A Planned Parenthood affiliate in east Texas has agreed to pay $4.3 million to settle a whistleblower lawsuit alleging that the group illegally billed Medicaid for unnecessary and unrendered medical services, the Wall Street Journal reported Friday.

The non-profit organization, which estimates that it provides medical information and services, including abortions, to three million people in the U.S. each year, denied any wrongdoing as part of the settlement announced Friday by the U.S. Attorney's Office for the Eastern District of Texas.

Friday's settlement resolved a whistle-blower suit filed by Karen Reynolds, a former Planned Parenthood employee who worked at a clinic in Lufkin, Texas, about 120 miles north of Houston. Ms. Reynolds claimed that Planned Parenthood billed Medicaid and other government programs for services that were not provided or that were not needed by patients, including birth-control counseling and testing for sexually transmitted diseases.

Neither Reynolds nor her attorneys at the American Center for Law and Justice (ACLJ) could comment because of a confidentiality agreement, an ACLJ spokesman said.

Planned Parenthood denied the allegation, and the settlement does not force the abortion provider to accept the charges.

The settlement is another blow to the embattled organization, the Journal noted.

The issue comes at a difficult time for Planned Parenthood in Texas.

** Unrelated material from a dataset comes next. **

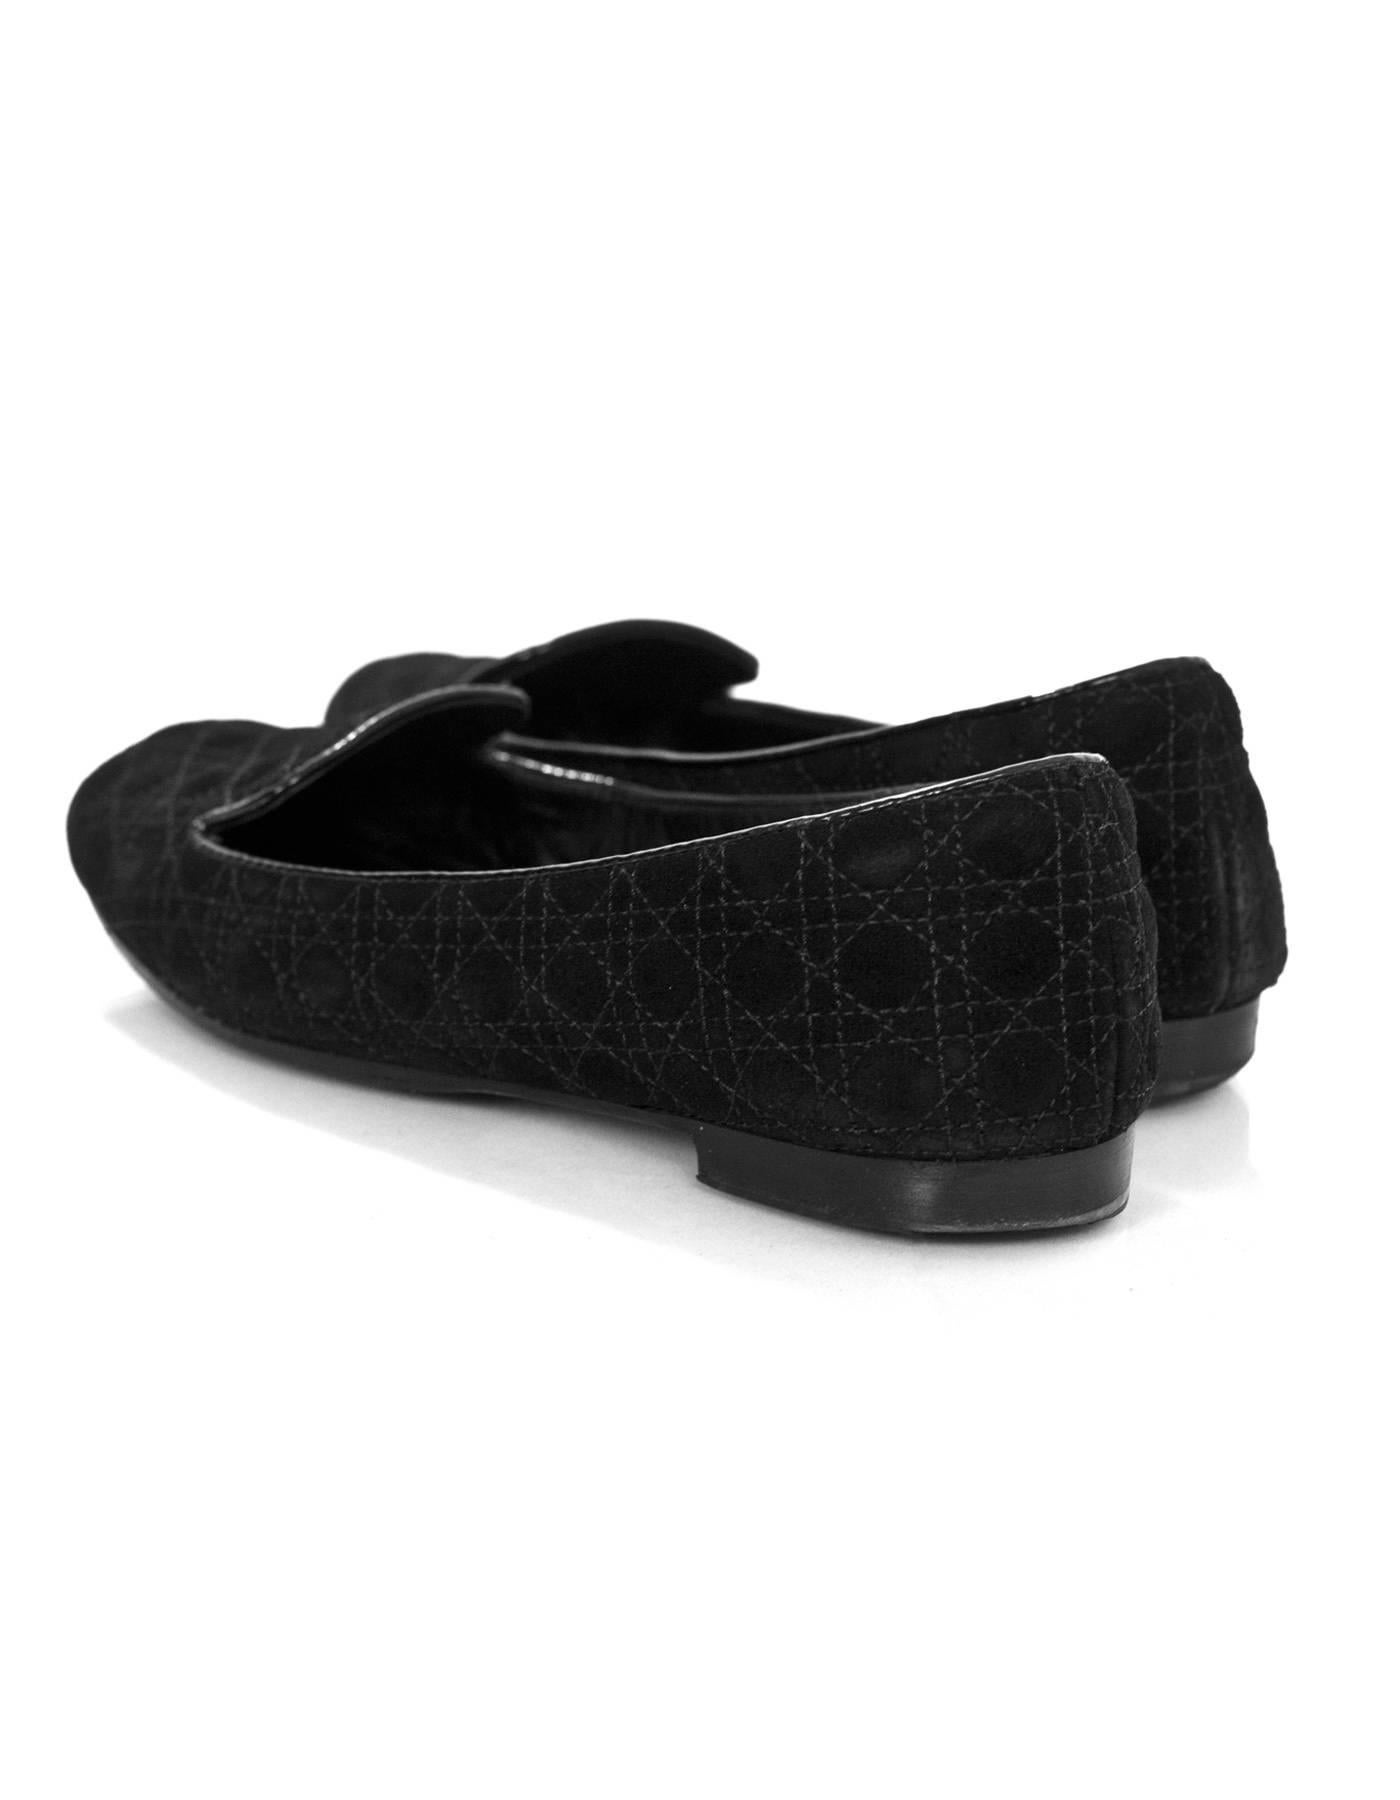 Women's Christian Dior Black Suede Quilted Loafers Sz 35 rt. $610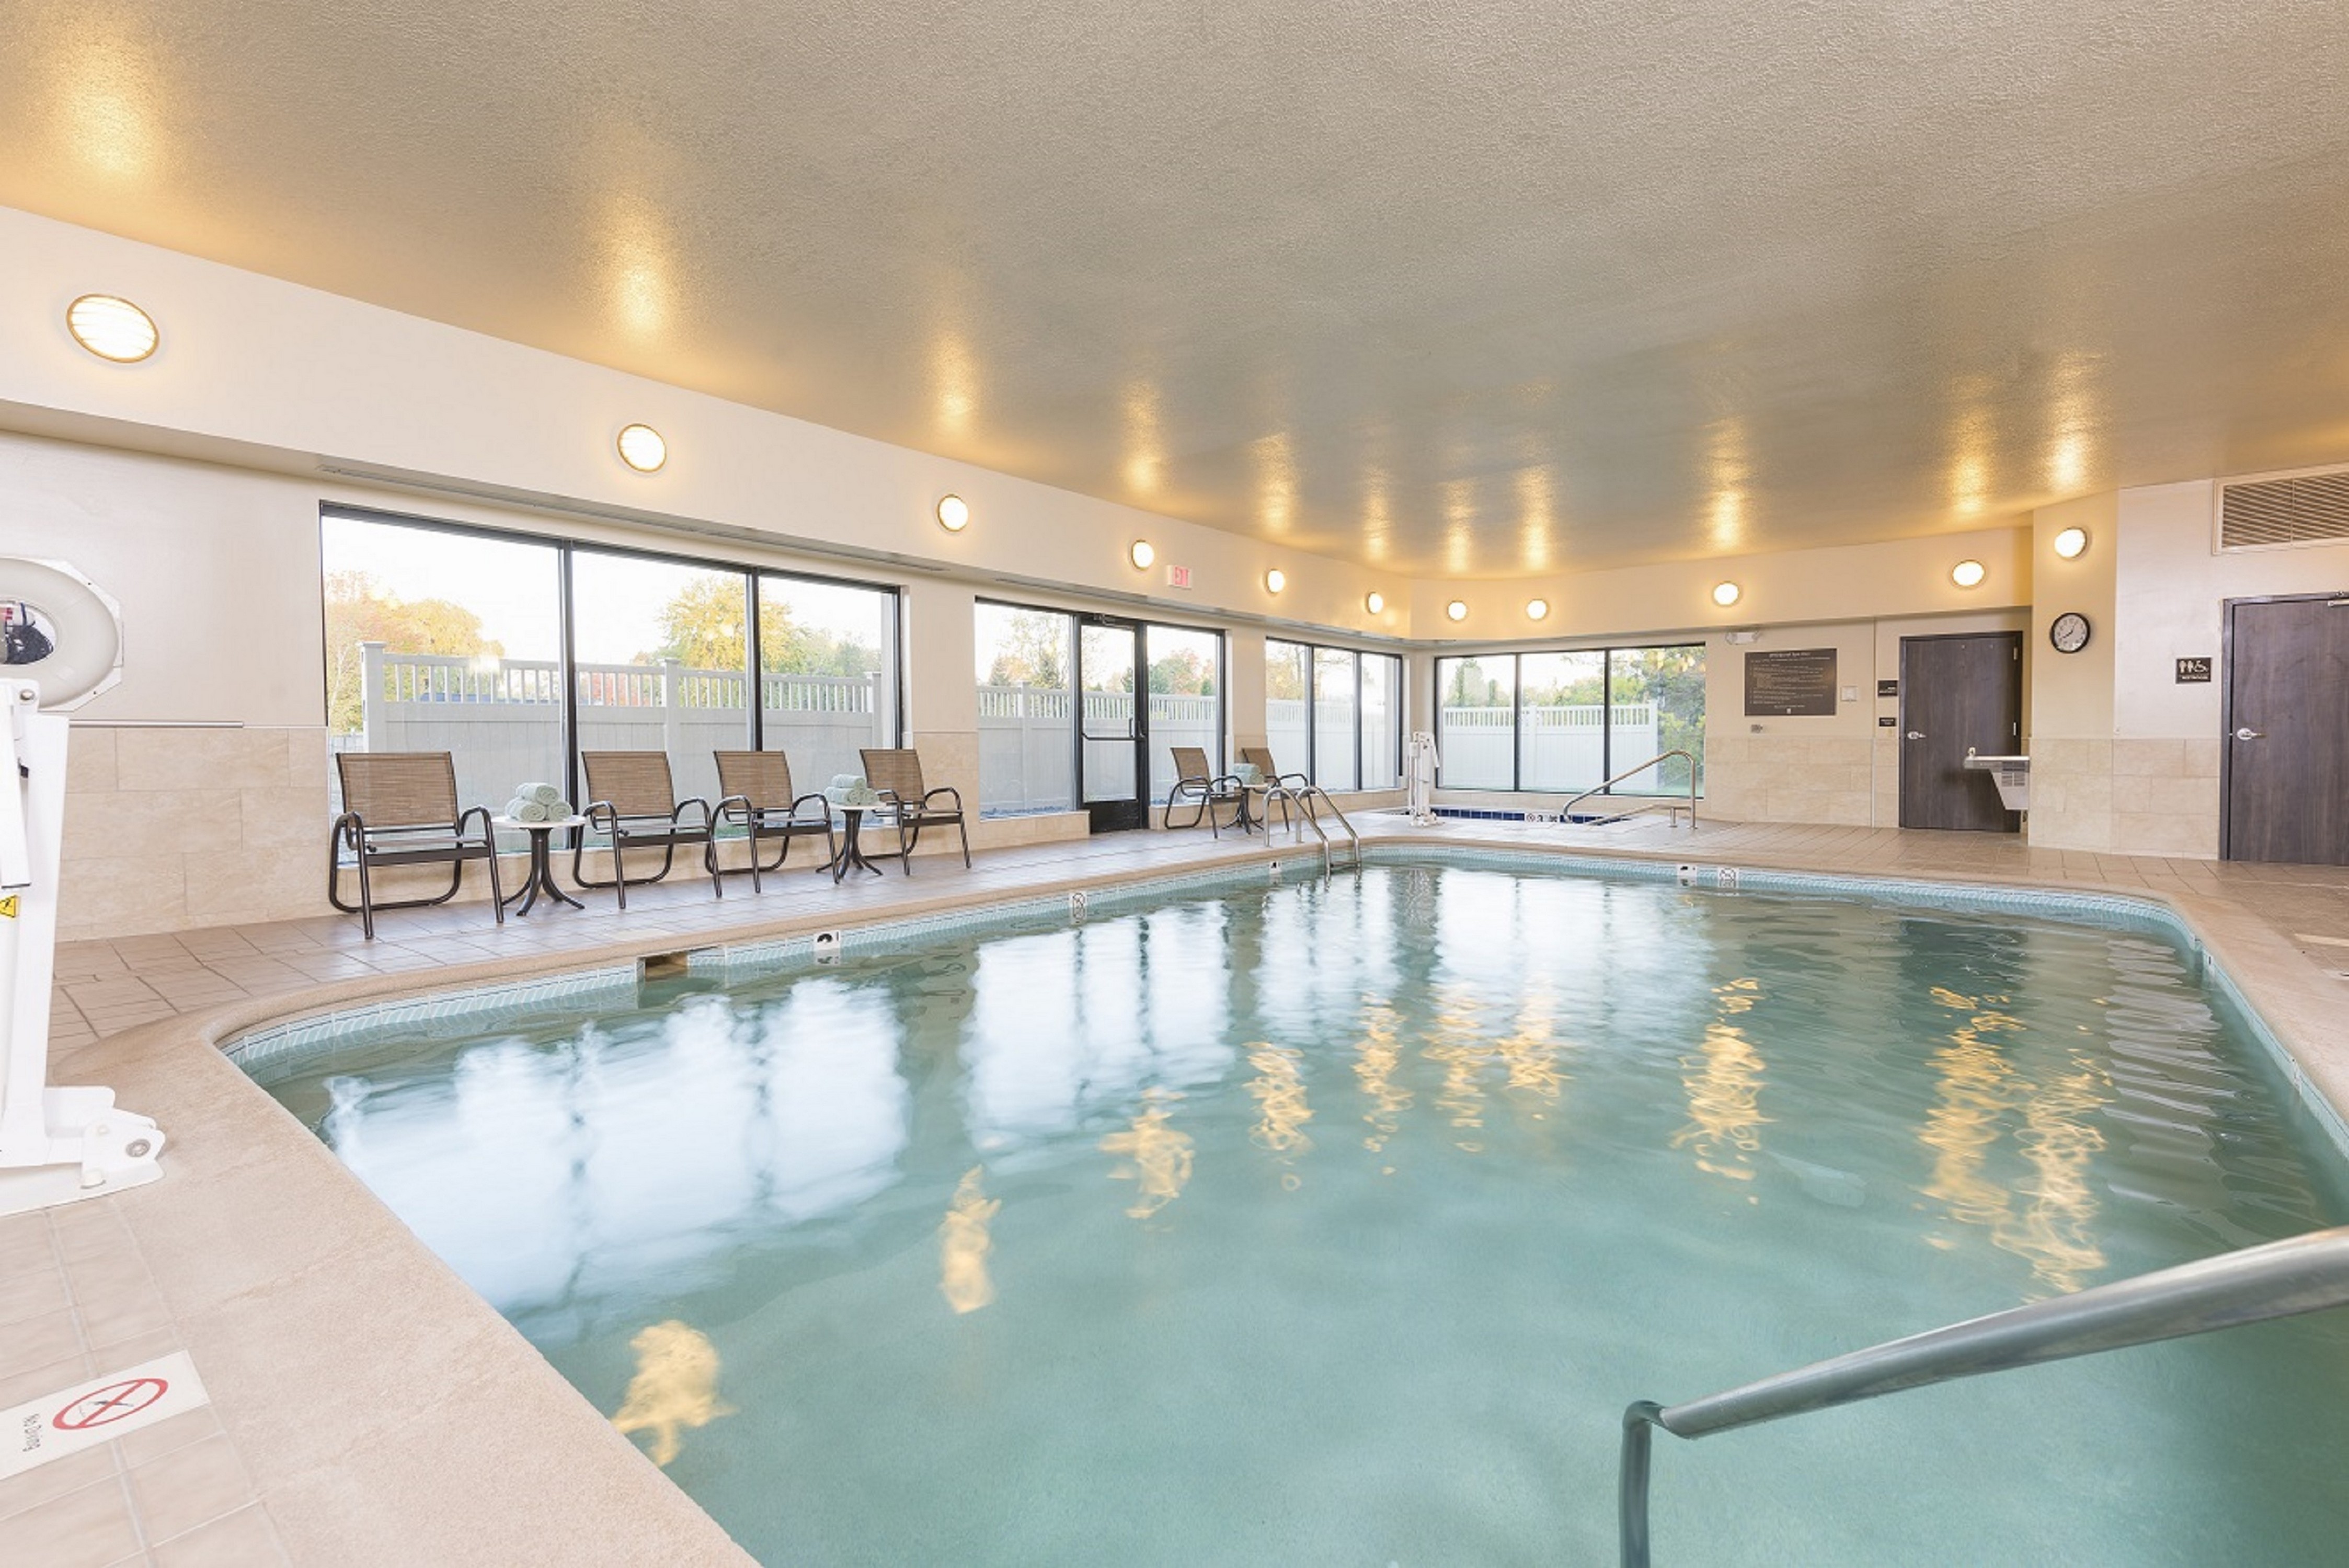 Indoor Swimming Pool with Seats

The state last year barred Planned Parenthood and other organizations that are affiliated with abortion providers from receiving funds from a government program that subsidizes health services for uninsured, low-income women.

Texas also enacted a law this summer restricting abortions and imposing new medical requirements on abortion providers that Planned Parenthood said will have an adverse effect on its operations.